Tag Archives: facial feature analysis

VISAGE: Designing AI Artifacts for Dynamic Self-Presentation in Matching Platforms

Kwon, Soonjae, Gene Moo Lee, Dongwon Lee, Sung-Hyuk Park (2024) “VISAGE: Designing AI Artifacts for Dynamic Self-Presentation in Matching Platforms,” Working Paper.

  • Previous title: Learning Faces to Predict Matching Probability in an Online Dating Market
  • Presentations: DS (2021), AIMLBA (2021), WITS (2021), ICIS (2022)
  • Preliminary version in ICIS 2022 Proceedings
  • Based on an industry collaboration

Online matching platforms constrain users to static profiles, producing a mismatch between the idealized self a user presents and the heterogeneous preferences of potential partners. Drawing on self-discrepancy theory, we conceptualize this mismatch as an interpersonal gap between one’s presented self and what each partner desires to see, with AI serving as a mediator to help address it. Following the computational design science perspective, we propose VISAGE, an AI system comprising two artifacts grounded in distinct human-AI collaboration principles. The augmentation artifact selects optimal images from users’ existing assets, whereas the assemblage artifact generates new images tailored to individual partner preferences. Using large-scale operational data from a major online dating platform, we evaluate VISAGE at both the user and platform levels.

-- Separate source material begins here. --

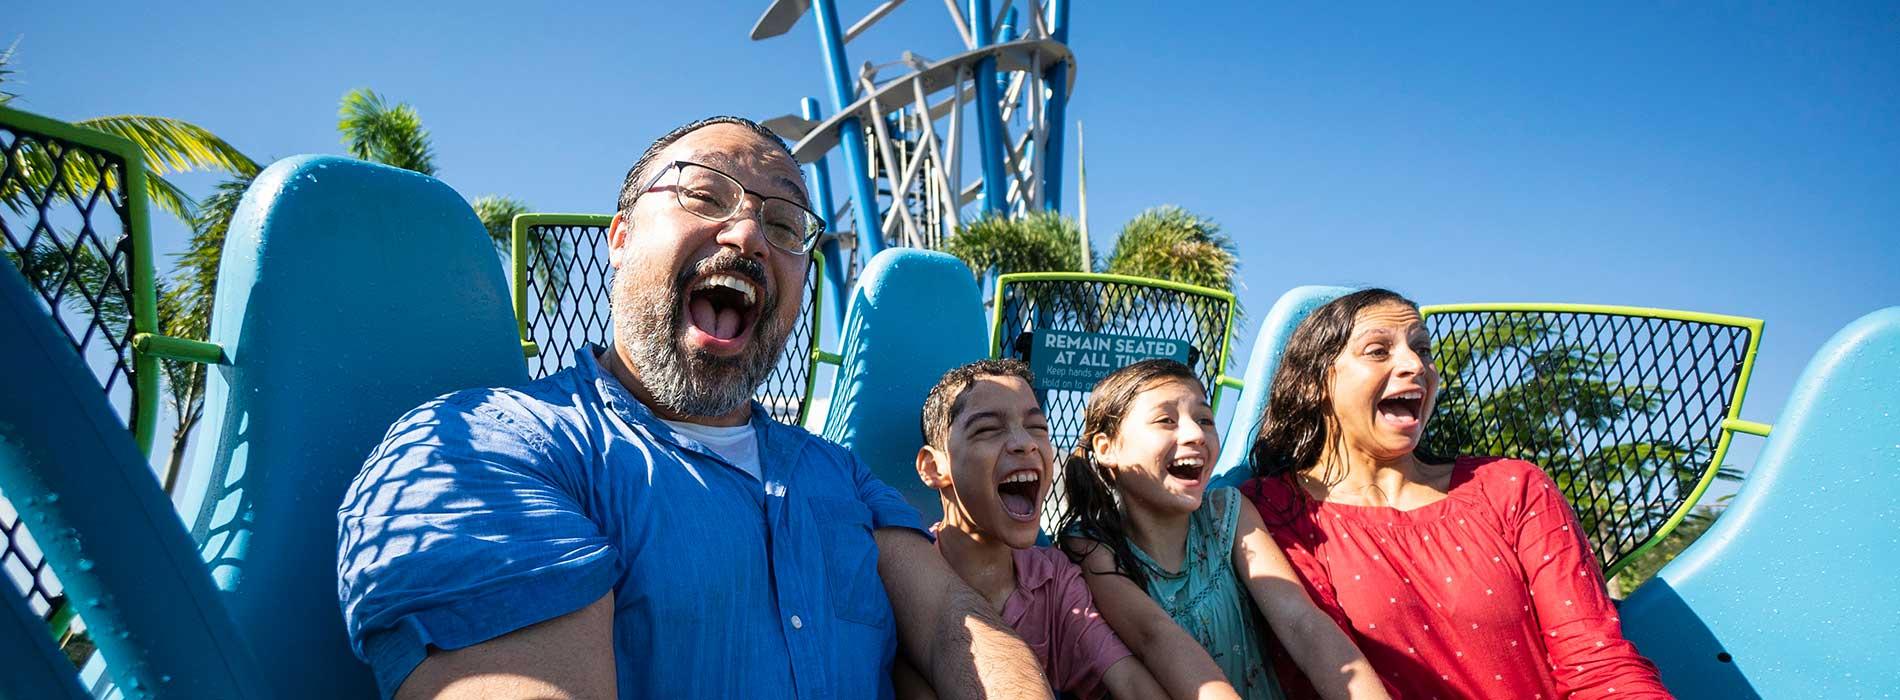 Experience Infinity Falls at SeaWorld Orlando

At the user level, model-predicted ratings suggest that both artifacts improve attractiveness ratings. Relative effectiveness varies with partner-preference heterogeneity and user impression management skill, consistent with theoretical predictions from the human-AI collaboration literature. At the platform level, agent-based simulations suggest that VISAGE can enhance matching efficiency and reduce inequality in matching opportunities, although optimal deployment strategies depend on the platform’s recommendation algorithm. The theoretical contribution of this study is to foreground the interpersonal gap as a key source of matching inefficiency and to illustrate how AI can address it at scale. The design contribution lies in actionable design knowledge, including when to deploy augmentation versus assemblage artifacts based on user and partner characteristics and how to align user-facing AI features with backend algorithmic infrastructure.